= Task prompt =
Reproduce exactly, and only, the lines below from the one containing "Около 148 тыс." through the one containing "Giường Ngủ Gỗ".

= Data extract =
------------------------------------------------
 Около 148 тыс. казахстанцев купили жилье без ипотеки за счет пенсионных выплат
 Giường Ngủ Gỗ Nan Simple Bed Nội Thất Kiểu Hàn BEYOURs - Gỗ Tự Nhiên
------------------------------------------------
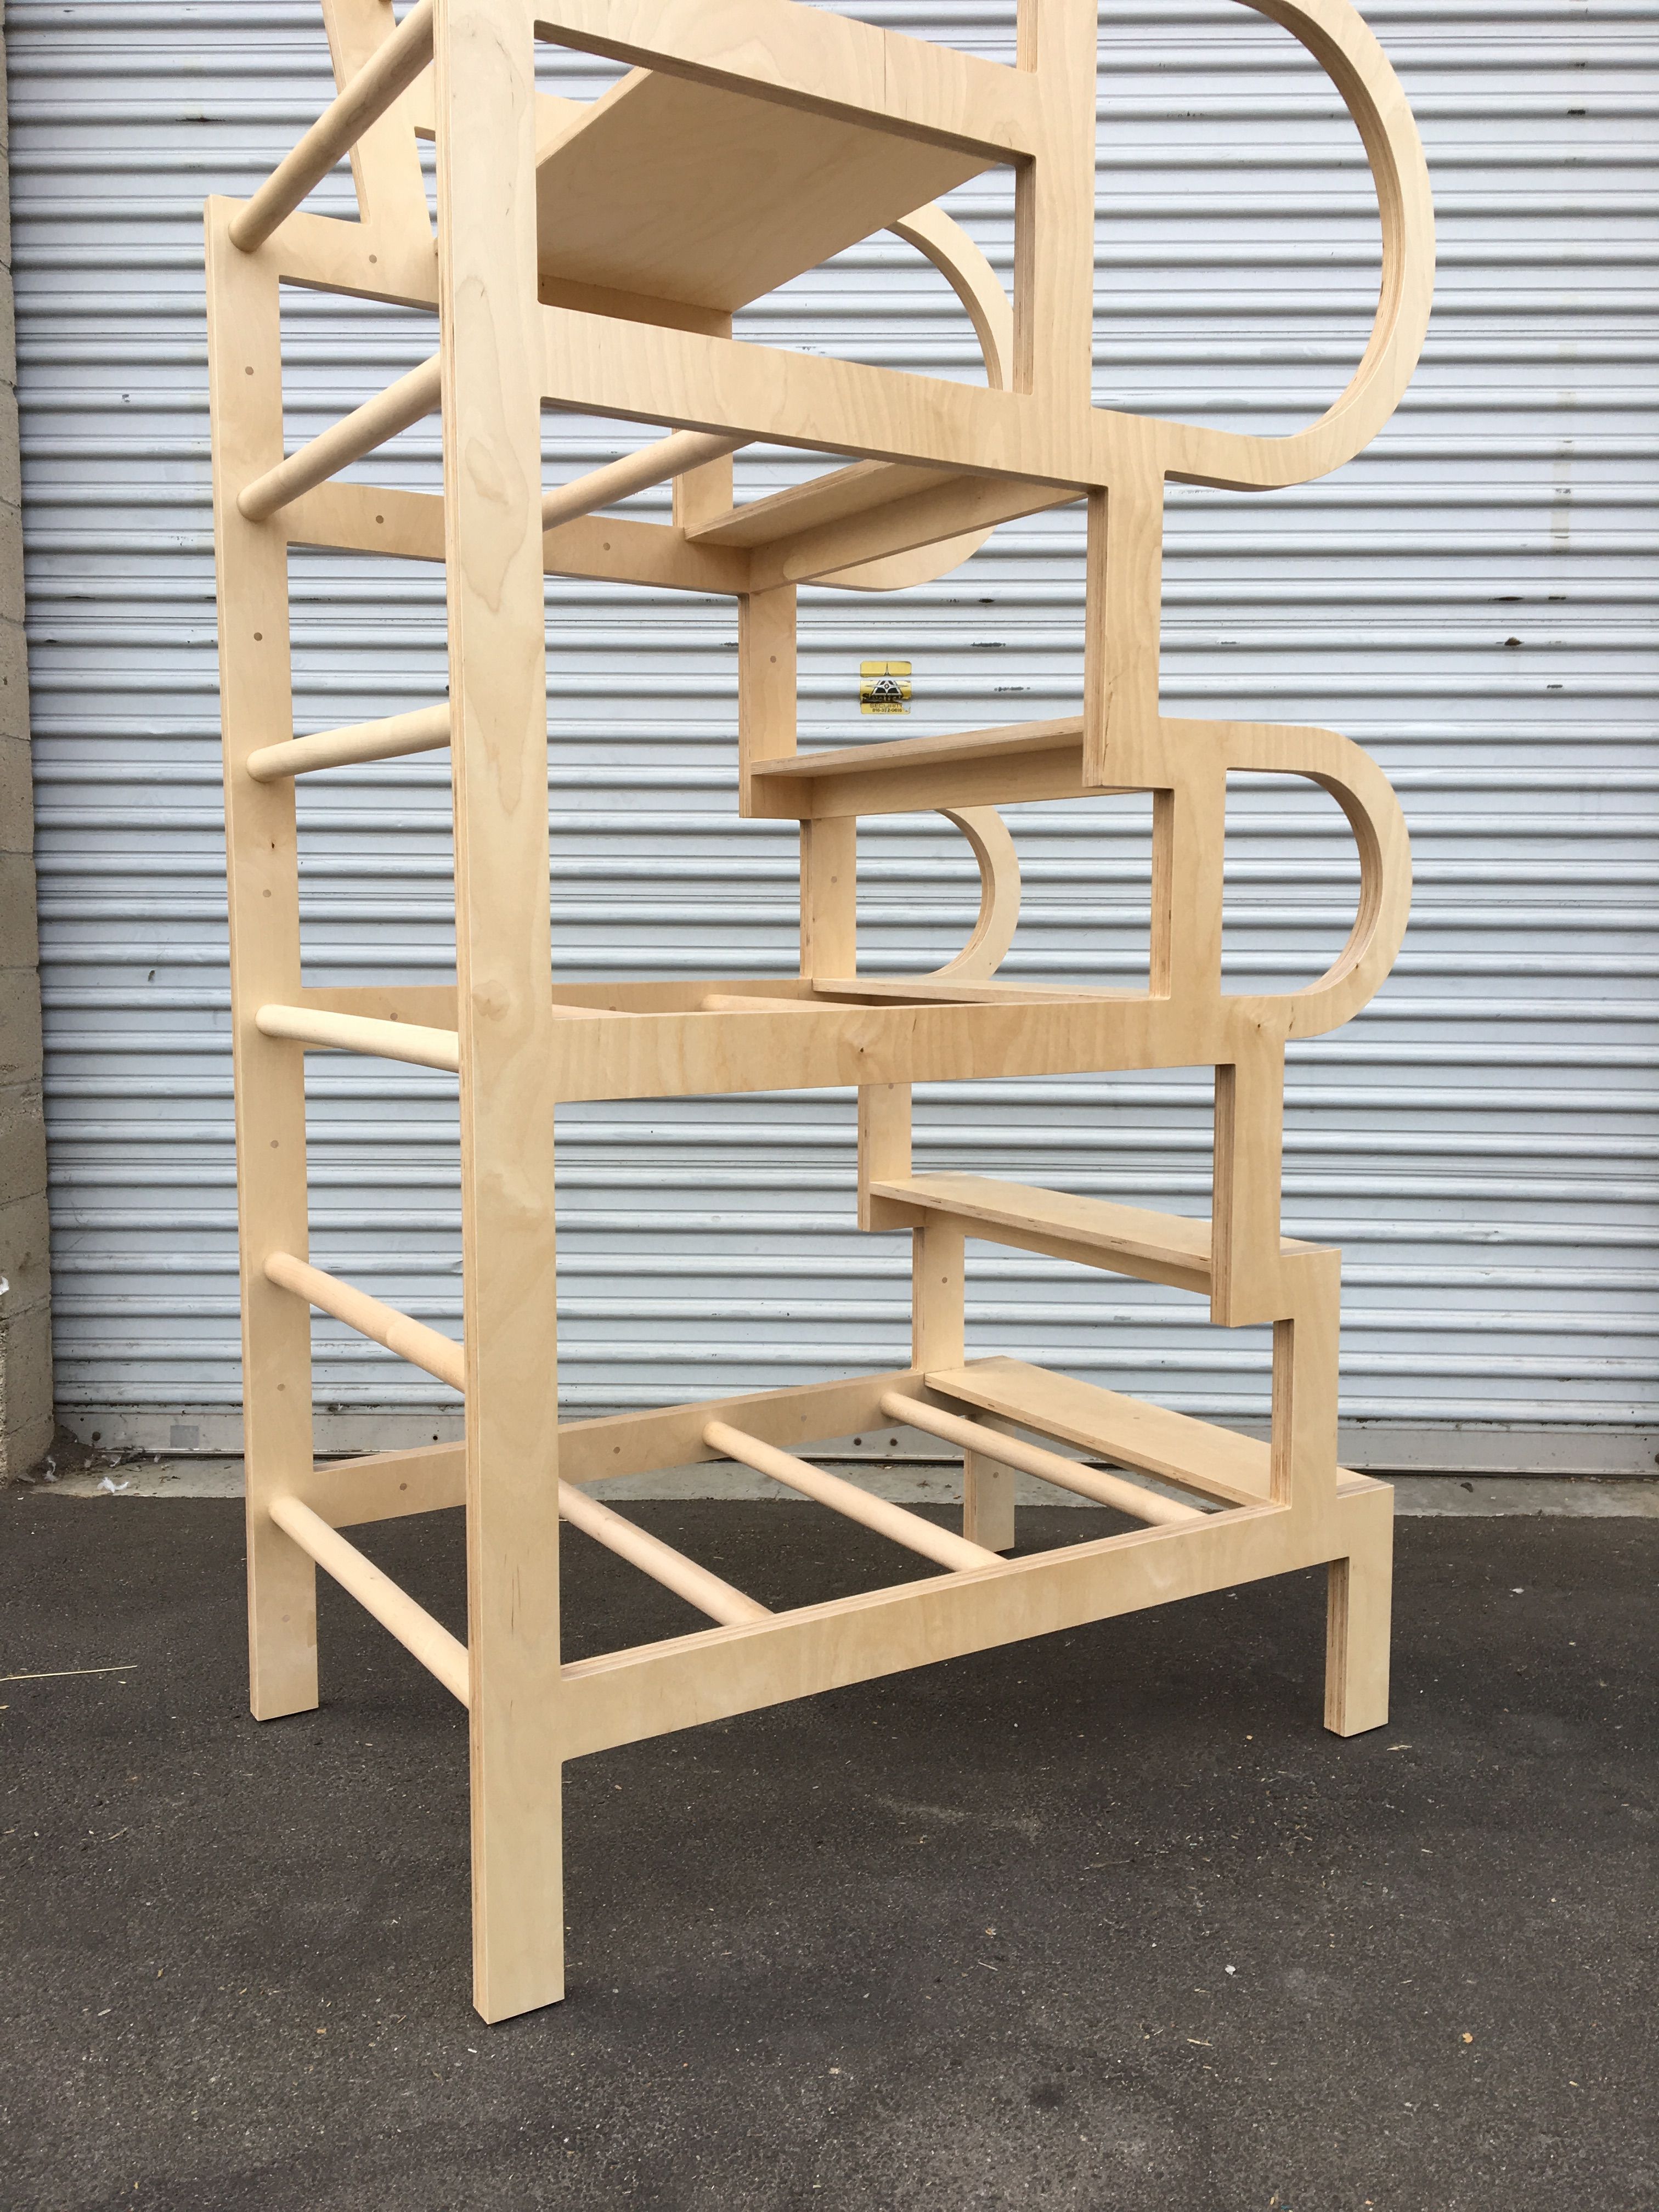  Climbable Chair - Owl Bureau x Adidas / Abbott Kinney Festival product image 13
------------------------------------------------
= Response to this task =
 Около 148 тыс. казахстанцев купили жилье без ипотеки за счет пенсионных выплат
 Giường Ngủ Gỗ Nan Simple Bed Nội Thất Kiểu Hàn BEYOURs - Gỗ Tự Nhiên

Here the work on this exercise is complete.